At times “Life After Life” suggests a cross between Noël Coward’s “Brief Encounter” and those interactive “hypertext” novels whose computer-savvy readers can determine the direction of the story. Even so, reading the book is a mildly vertiginous experience, rather like using the “scenes” function on a DVD to scramble the film’s original order. In several of her lives, Ursula attends secretarial school in London and travels in Continental Europe.Ītkinson’s juggling a lot at once - and nimbly succeeds in keeping the novel from becoming confusing. Sylvie, Ursula’s mother, remains dependably snobbish and caustic, just as Ursula’s free-spirited Aunt Izzie continues to provide shelter, help and the example of nervy rebelliousness for which such aunts are created in fiction and film. And there are several relatively still points around which the whirling machinery turns. The mostly brief chapters, dated by month and year, keep us oriented amid the rapid chronological shifts backward and forward. Or is she? A dog named Lucky makes cameo appearances that the reader can’t help seeing through the scrim of the transient but critical roles that the dog has already played in the plot. A murdered child turns out not to be dead. But in a different rendition, she is in England when her father succumbs to a heart attack, and with her family for his funeral. Ursula learns about her father’s death in a letter she receives in Germany, where she has been trapped by the outbreak of World War II, and where she befriends Eva Braun and visits the Führer at his mountaintop retreat. Romances begin and end, then begin again, taking different trajectories. A bullying first marriage is endured, and its ensuing tragedy wiped clean from the slate. As a teenager living at Fox Corner, her family home in the British countryside, she is raped and becomes pregnant, but in another version the encounter with her American attacker involves little more than a stolen kiss. But each turn in her story is, like the end(s) of her life, subject to revision.

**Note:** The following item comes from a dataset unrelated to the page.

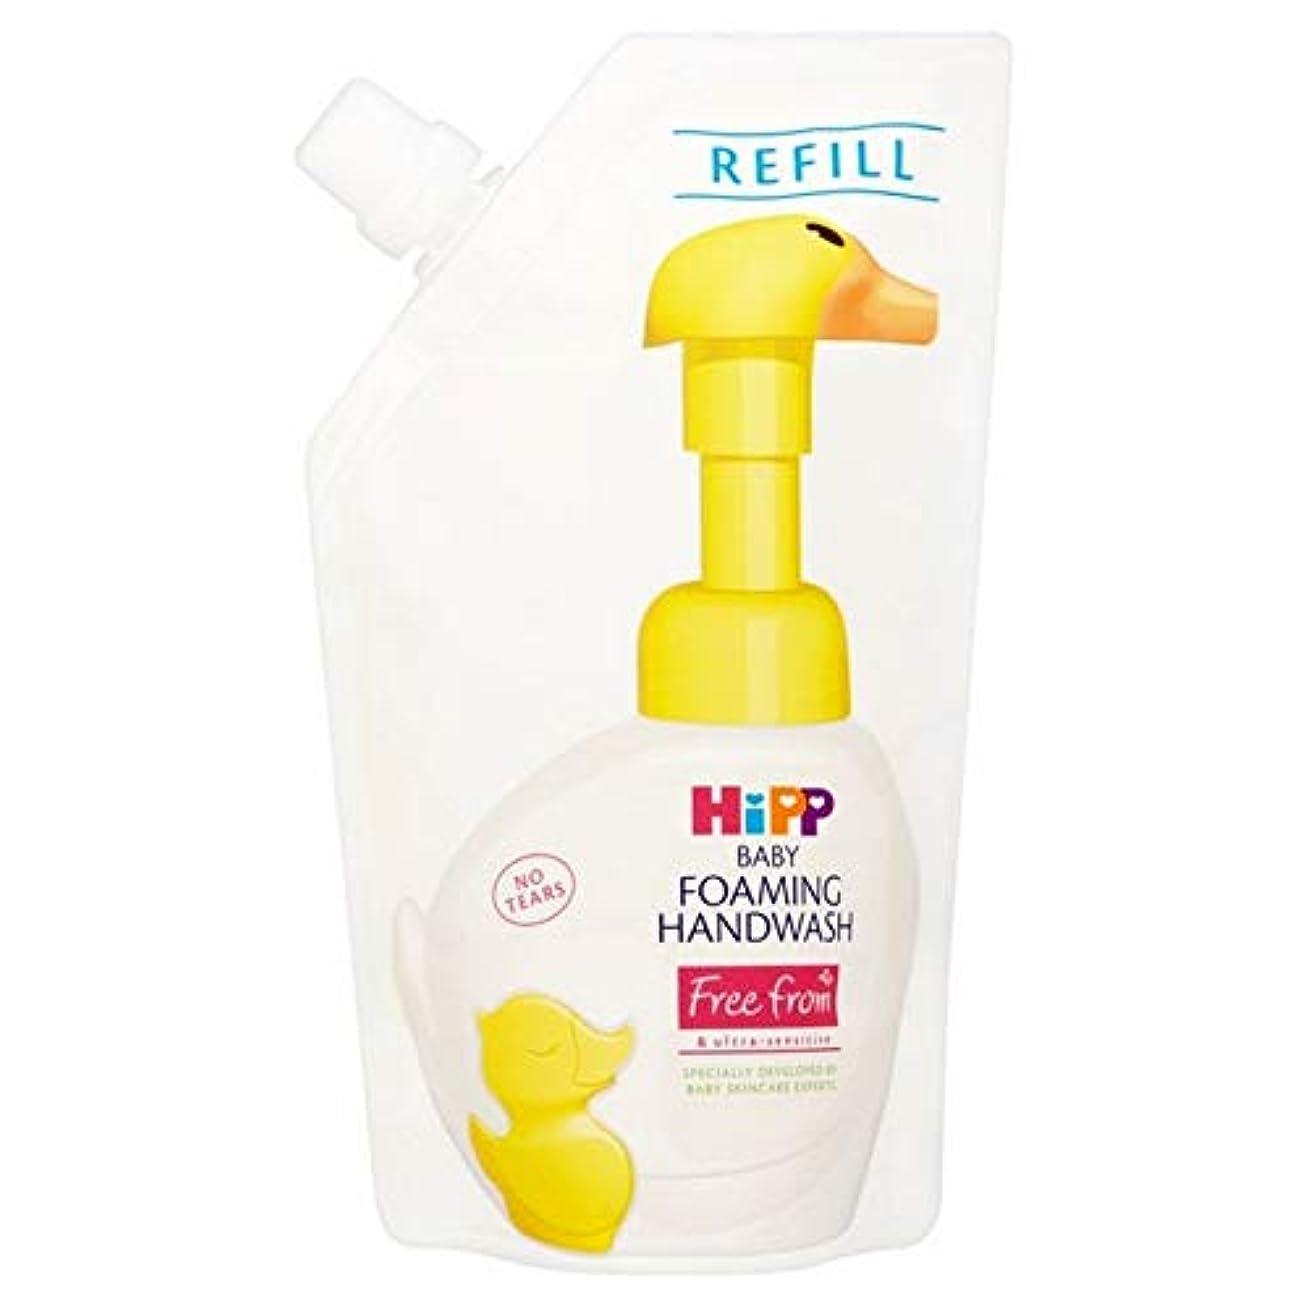 アトミック舗装全く[Hipp ] ヒップ発泡手洗い用リフィル250ミリリットル - HiPP Foaming Handwash Refill 250ml [並行輸入品]

Kate atkinson life after life book review serial#

Her serial and parallel existences take her through two brutal world wars and well into the 1960s. The novel begins with a scene in which she assassinates Hitler.

Kate atkinson life after life book review series#

Each time Ursula dies, Atkinson - a British writer best known here as the author of “Case Histories,” the first in a series of highly entertaining mysteries featuring the sleuth Jackson Brodie - resurrects her and sets her on one of the many alternate courses that her destiny might have taken.Ī great deal of experience, and 20th-century history, transpires in the intervals separating Ursula’s sudden and often violent exits from the world of the living. She is killed during the German bombing of London in World War II and ends her life in the ruins of Berlin in 1945. Later, she commits suicide and is murdered. As a child, she drowns, falls off a roof and contracts influenza. She dies when she is being born, on a snowy night in 1910. Its heroine, Ursula Todd, keeps dying, then dying again. But the one-time-only nature of death is anything but self-evident in Kate Atkinson’s new novel, “Life After Life.” “After the first death, there is no other,” Dylan Thomas wrote.